Around the country, thousands of doctors have spent last weekend submitting online job application forms to MTAS (think UCAS but totally experimental and juggling peoples' entire lives & careers rather than just uni degrees).
In the end, the deadline had to be shifted from from yesterday to this morning because the website kept crashing - they weren't prepared for the number of people using the site.
How very reassuring that they are not going to completely fuck everything up for all of us.
Because it was my birthday on Saturday (thank you for your
unimaginative kind messages, will tell you about it later), I'd got pretty much everything ready in advance so that I could just click the [send] button on Friday night and not worry about it all weekend.
So of course, I spent most of Saturday sifting through piles of paper, sipping champagne*, hammering out last-minute rewrites to the form...
(Thank goodness for spellcheckers - it's so easy to misspell words like "aneathetist", "incompetant", "catastrophic" etc...)
This may
(not) come as a surprise, but I don't find writing particularly easy, especially given the nature of the MTAS questions.

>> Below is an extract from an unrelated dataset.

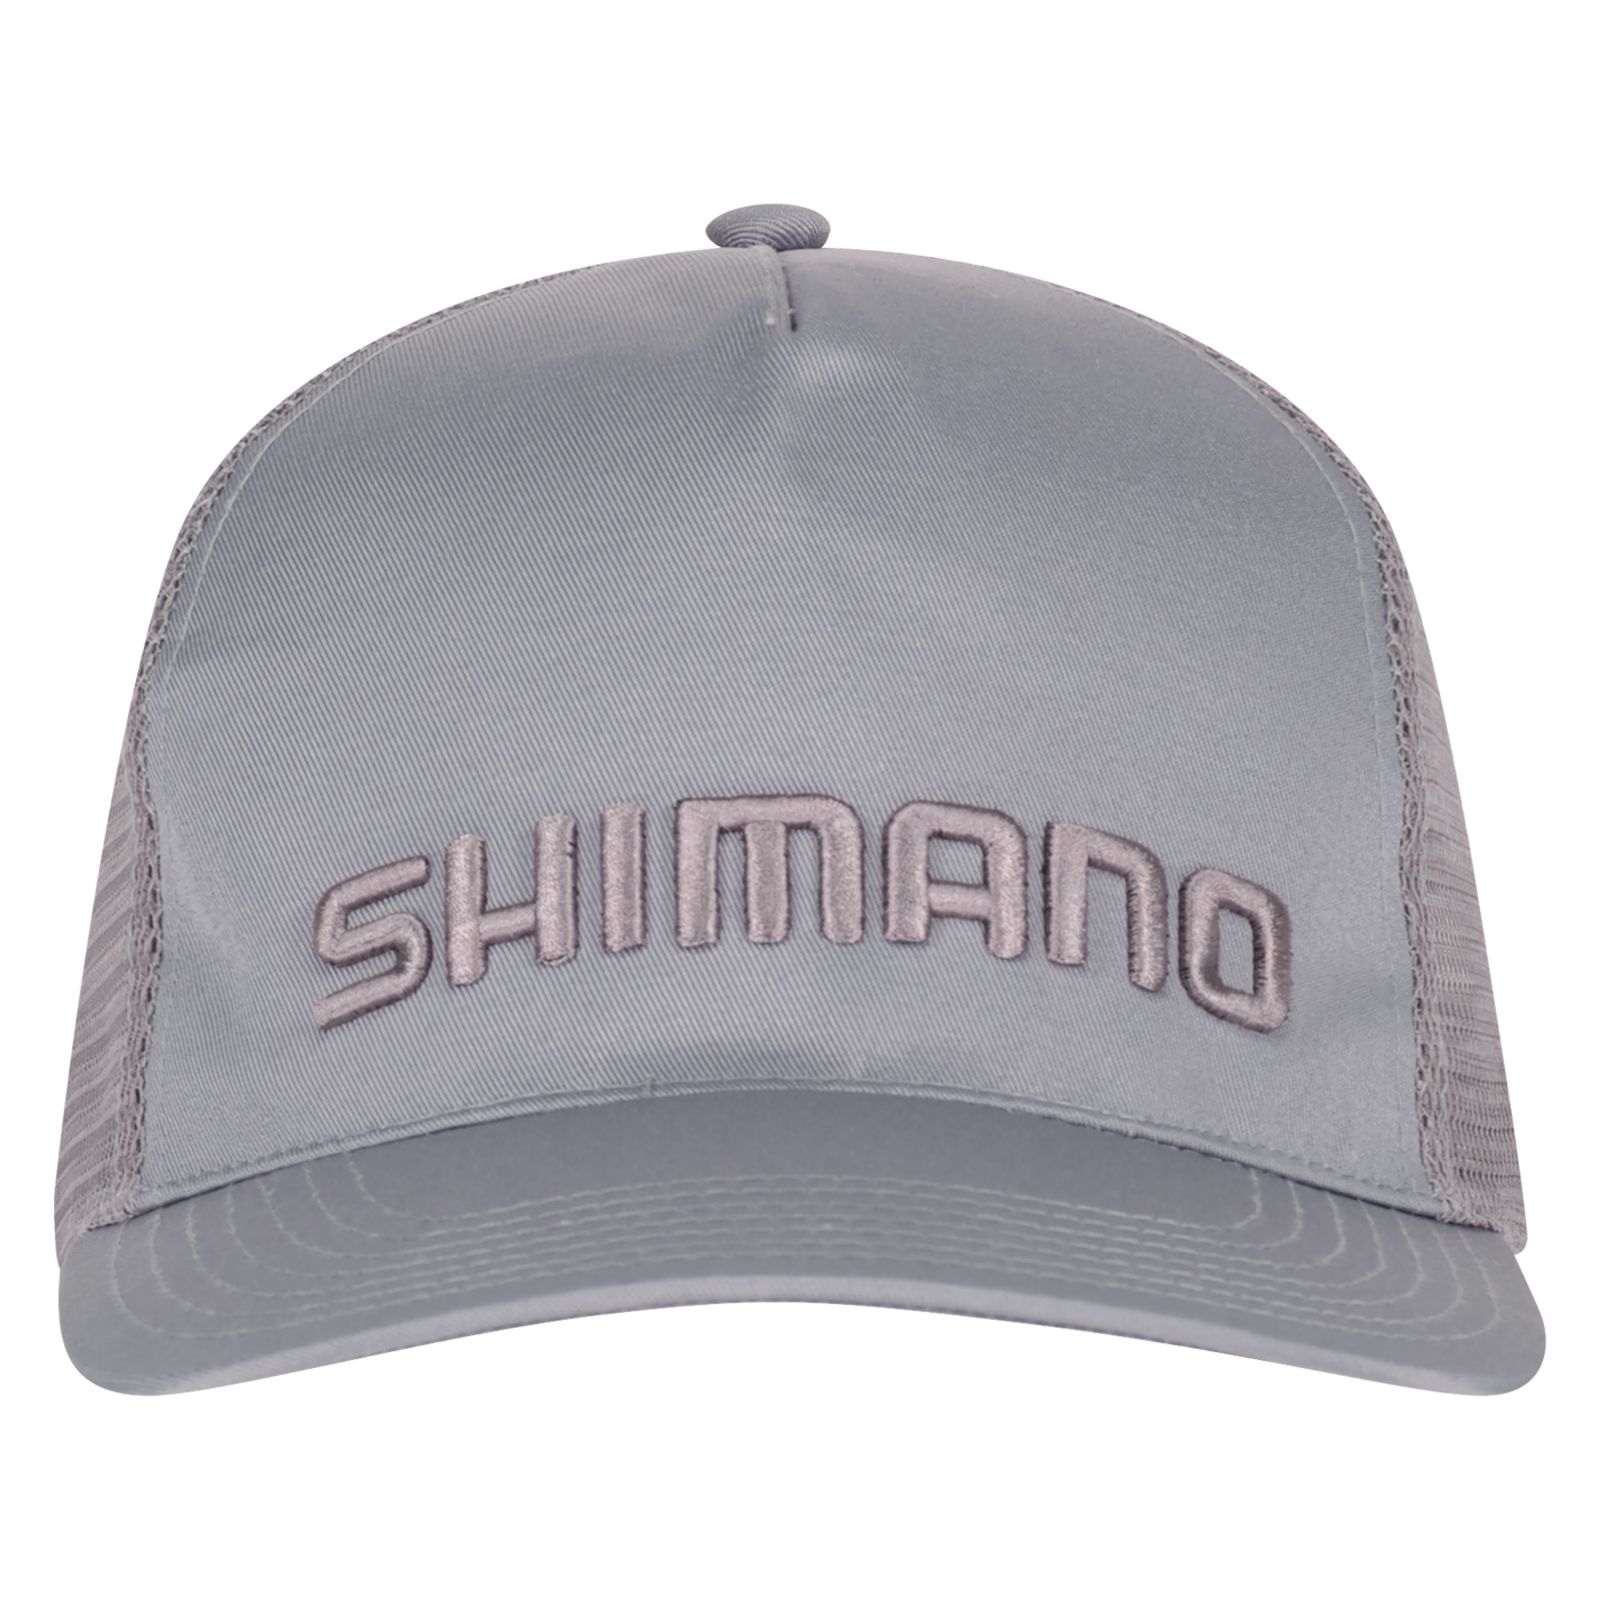 SHIMANO čepice TRUCKER CAP, šedá, one size
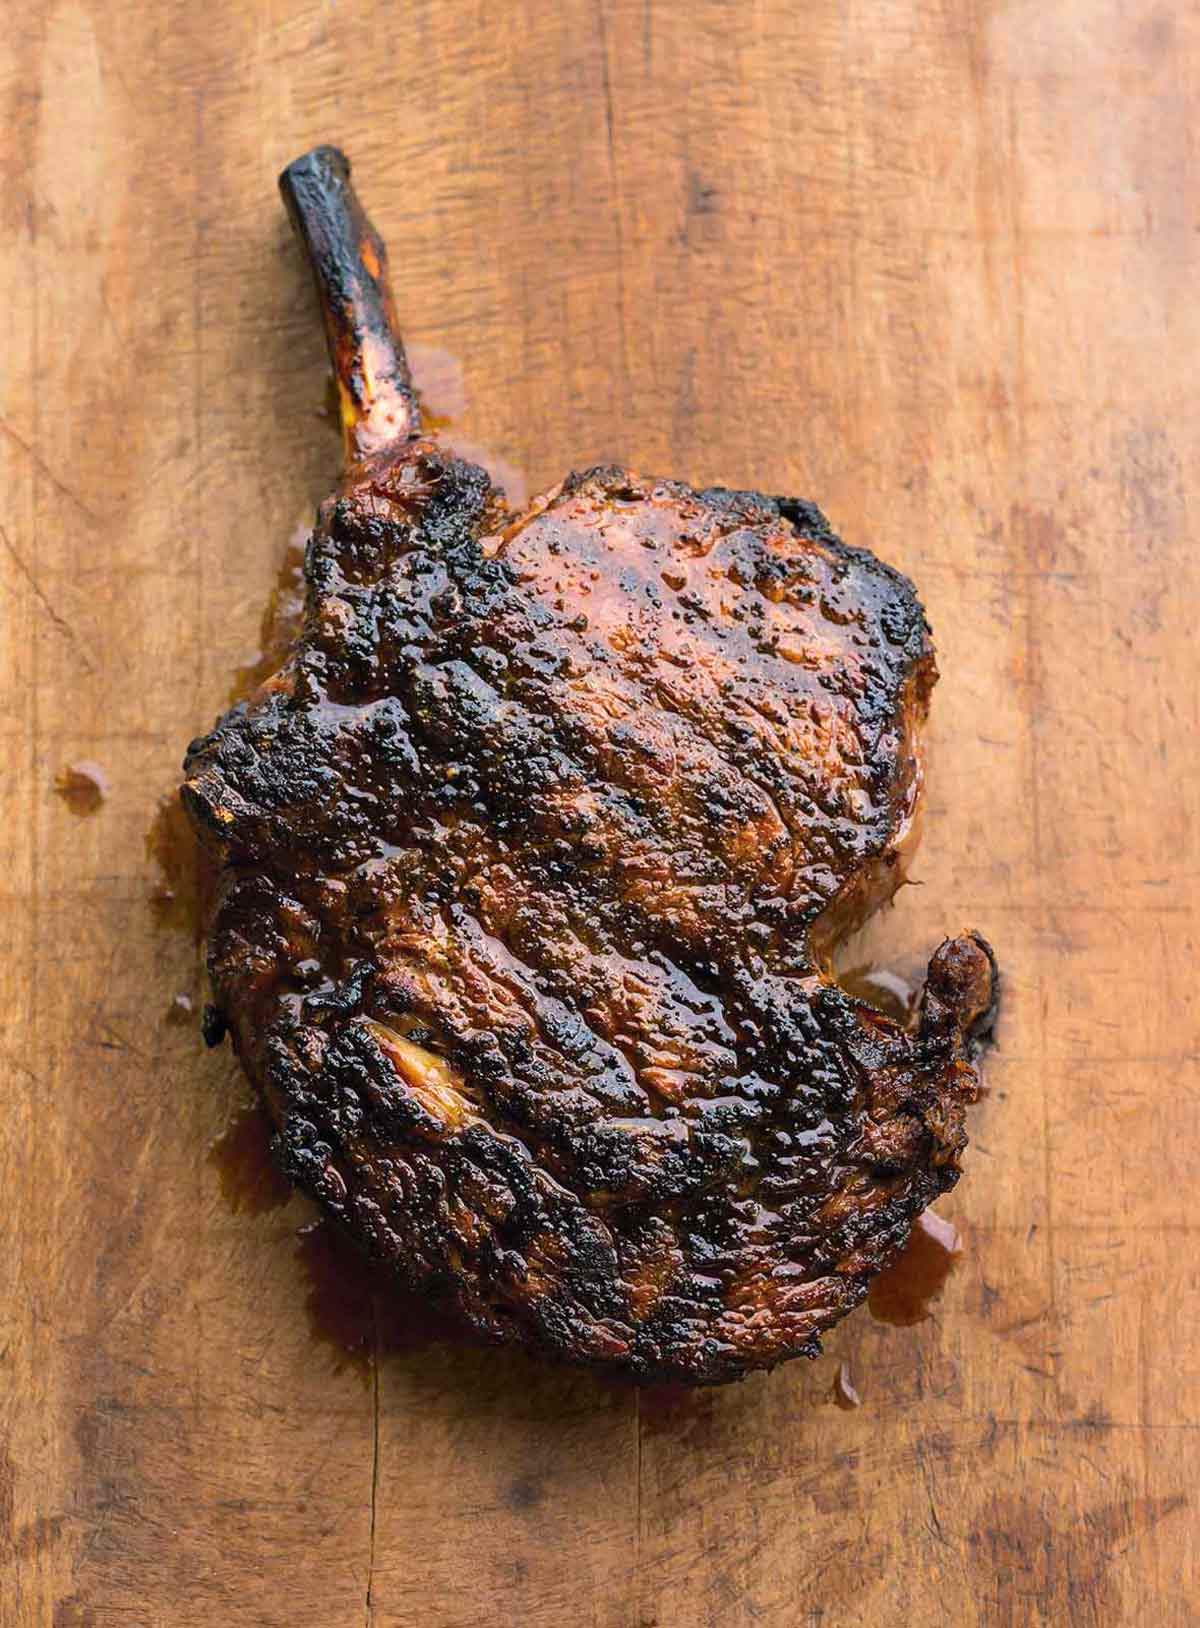 A grilled cowboy steak with coffee rub on a wooden cutting board.

I'm uncomfortable enough about having to encapsulate the breadth of my clinical experience, incorporating every possible buzzword, to sell myself as the best, most qualified, compassionate, competent, reflective, trustworthy, conscientious doctor in the world.
In less than 150 words.
Whilst
simultaneously not sounding like an utter prick.
("I am able leap tall buildings in a single bound"-type stuff.)
But then when they ask questions along the lines of "Give a specific example of a time when you found it challenging to maintain vigilance in an environment with infrequent demands?..." - what can you say? You can't just admit to falling asleep in theatre (or in an ambulance, ITU, talking to boring patients after you've had a heavy night out, etc...). I doubt there are marks allocated to reward that level of sheer honesty. But then again, you have to admit to something...
It's an absolute bloody minefield. Thank goodness it's all over...
Interviews in a few weeks (if I'm short-listed for any).
Then most of us suffer the whole process all over again in Round2.
And after that comes Clearing. Arrrgh!